I cannot find CSM modality in my UEFI settings - *I* think it's not supported by this firmware.


----------



## helizeg (May 19, 2014)

There should be some sort of MBR compatibility mode (or whatever they like to name it) in your UEFI "BIOS". It is made mandatory by the UEFI specification for UEFI motherboards to be able to boot up a MBR disk. BTW, what is the manufacturer of your motherboard?


----------



## krnlpk (May 19, 2014)

helizeg said:
			
		

> There should be some sort of MBR compatibility mode (or whatever they like to name it) in your UEFI "BIOS". It is made mandatory by the UEFI specification for UEFI motherboards to be able to boot up a MBR disk. BTW, what is the manufacturer of your motherboard?


I have a laptop (Asus N56VZ), with an American Megatrends BIOS/UEFI - quite standard I think.
Yes, compatibility mode exists (I can boot from USB and CDs without /EFI directories so it's definitely present), but after installing the protective MBR in this way from the live CD: `gpart bootcode -b /boot/pmbr -p /boot/gptboot -i 8 ada0`, the boot loader menu still has only a list of the UEFI bootloaders in ada0p1, USB keys or CD drive, no entry for booting the harddisk.

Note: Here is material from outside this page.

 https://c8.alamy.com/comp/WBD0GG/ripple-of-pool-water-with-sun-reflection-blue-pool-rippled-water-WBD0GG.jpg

Am I installing the pMBR in a wrong way? I remember that the menu used to show both the drive and the UEFI bootloader in /EFI if a CD with both is inserted (like the Windows one), so *I* assume it should behave the same way with a pMBR on the main hdd if anything was right (?)

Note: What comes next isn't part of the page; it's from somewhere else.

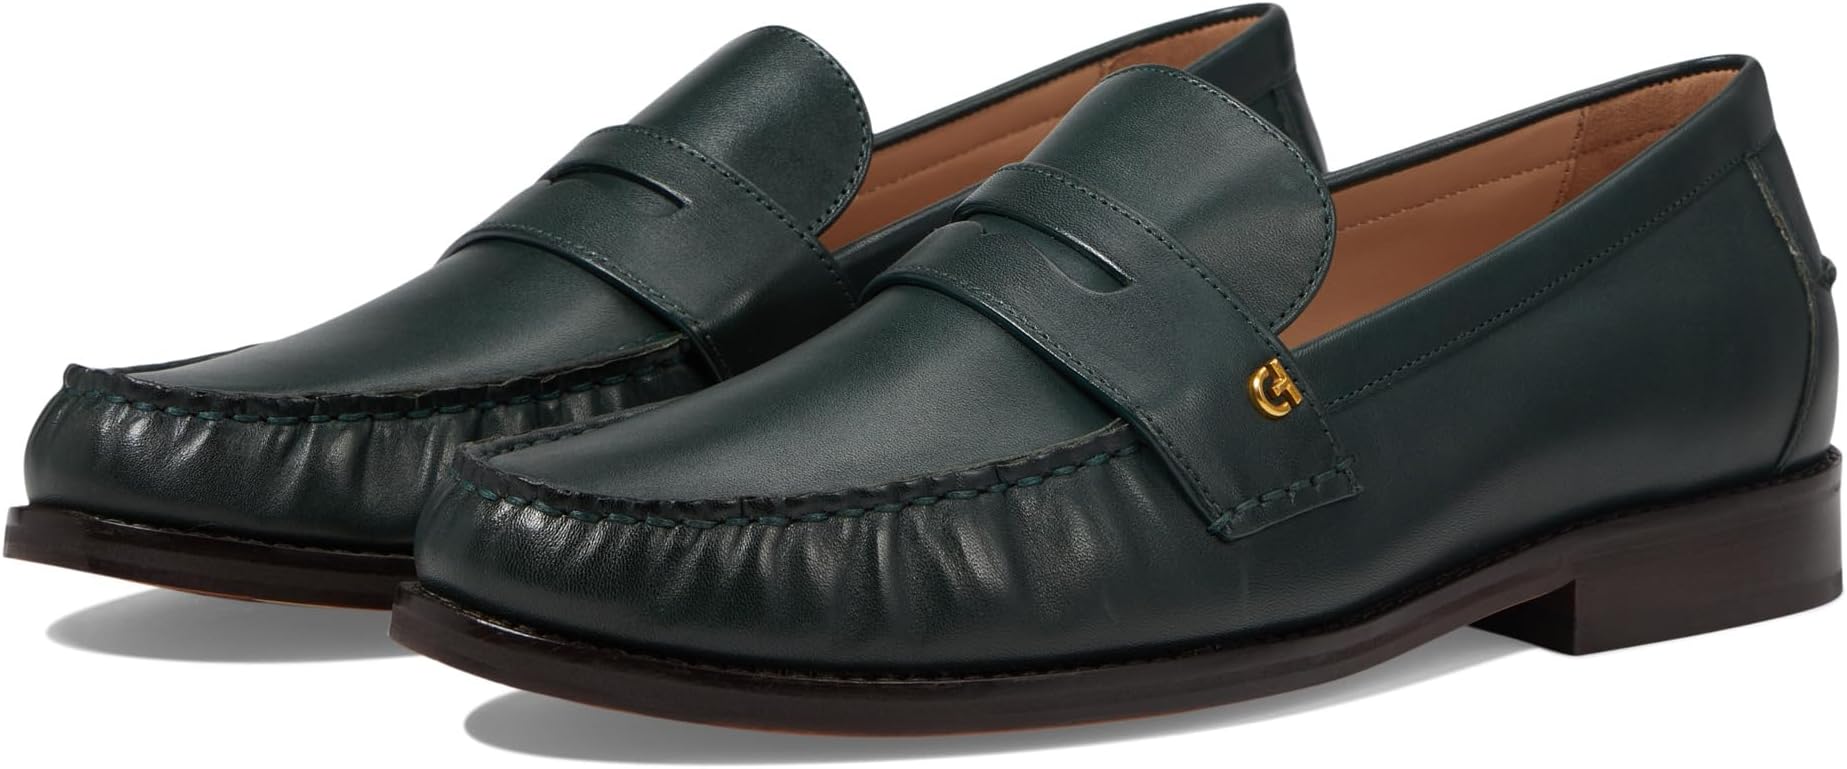 Лоферы Lux Pinch Penny Loafer Cole Haan, цвет Scarab Leather

Also the main HDD is not listed under the "legacy devices" section inside the BIOS.


----------



## helizeg (May 19, 2014)

> CD:
> 
> 
> 
> ...



Your command should work fine. Though there are variations as to how manufacturers implement their own MBR compatibility mode, you shouldn't be able to see the lists of UEFI bootloaders installed in your UEFI system partitions when you're really booting up your laptop in "PURE" MBR mode. The fact that you got the list of UEFI bootloaders in you boot menu (F8??) suggested that you're in fact booting into the UEFI mode. 
Maybe your UEFI "BIOS" thought no one with a sane mind would like to boot up a GPT disk like a MBR disk §e  and so automatically switch to UEFI mode when she saw your GPT disk with the proper UEFI system partition containing valid UEFI boot loaders. If that's the case, I believe you have to enter the "BIOS" and see if you can force it to boot in the MBR compatibility mode. Disabling any UEFI-related boot options like secure boot may help



> Also the main HDD is not listed under the "legacy devices" section inside the BIOS.



That's because your HDD is GPT-formatted instead of MBR-formatted(legacy devices).  According to wblock, the kind moderator here, the 
	
	



```
gpart bootcode -b /boot/pmbr
```
 part of your command serve to insert some bootstrapping code in the protective MBR of the GPT disk, so that you can boot up the GPT disk like a MBR in the CSM mode, some sort of cheating for you UEFI BIOS. I beleive that's the only way you can install FreeBSD into a GPT disk in UEFI enable system before the official FreeBSD UEFI bootloader is made available


----------



## krnlpk (May 19, 2014)

This laptop shipped with Win7, so it has no Secure boot. In the Setup there is no option whatsover about legacy modes or anything - I think you're right about the fact it doesn't think you would want to boot with MBR if you have an EFI partition with bootloaders in it. 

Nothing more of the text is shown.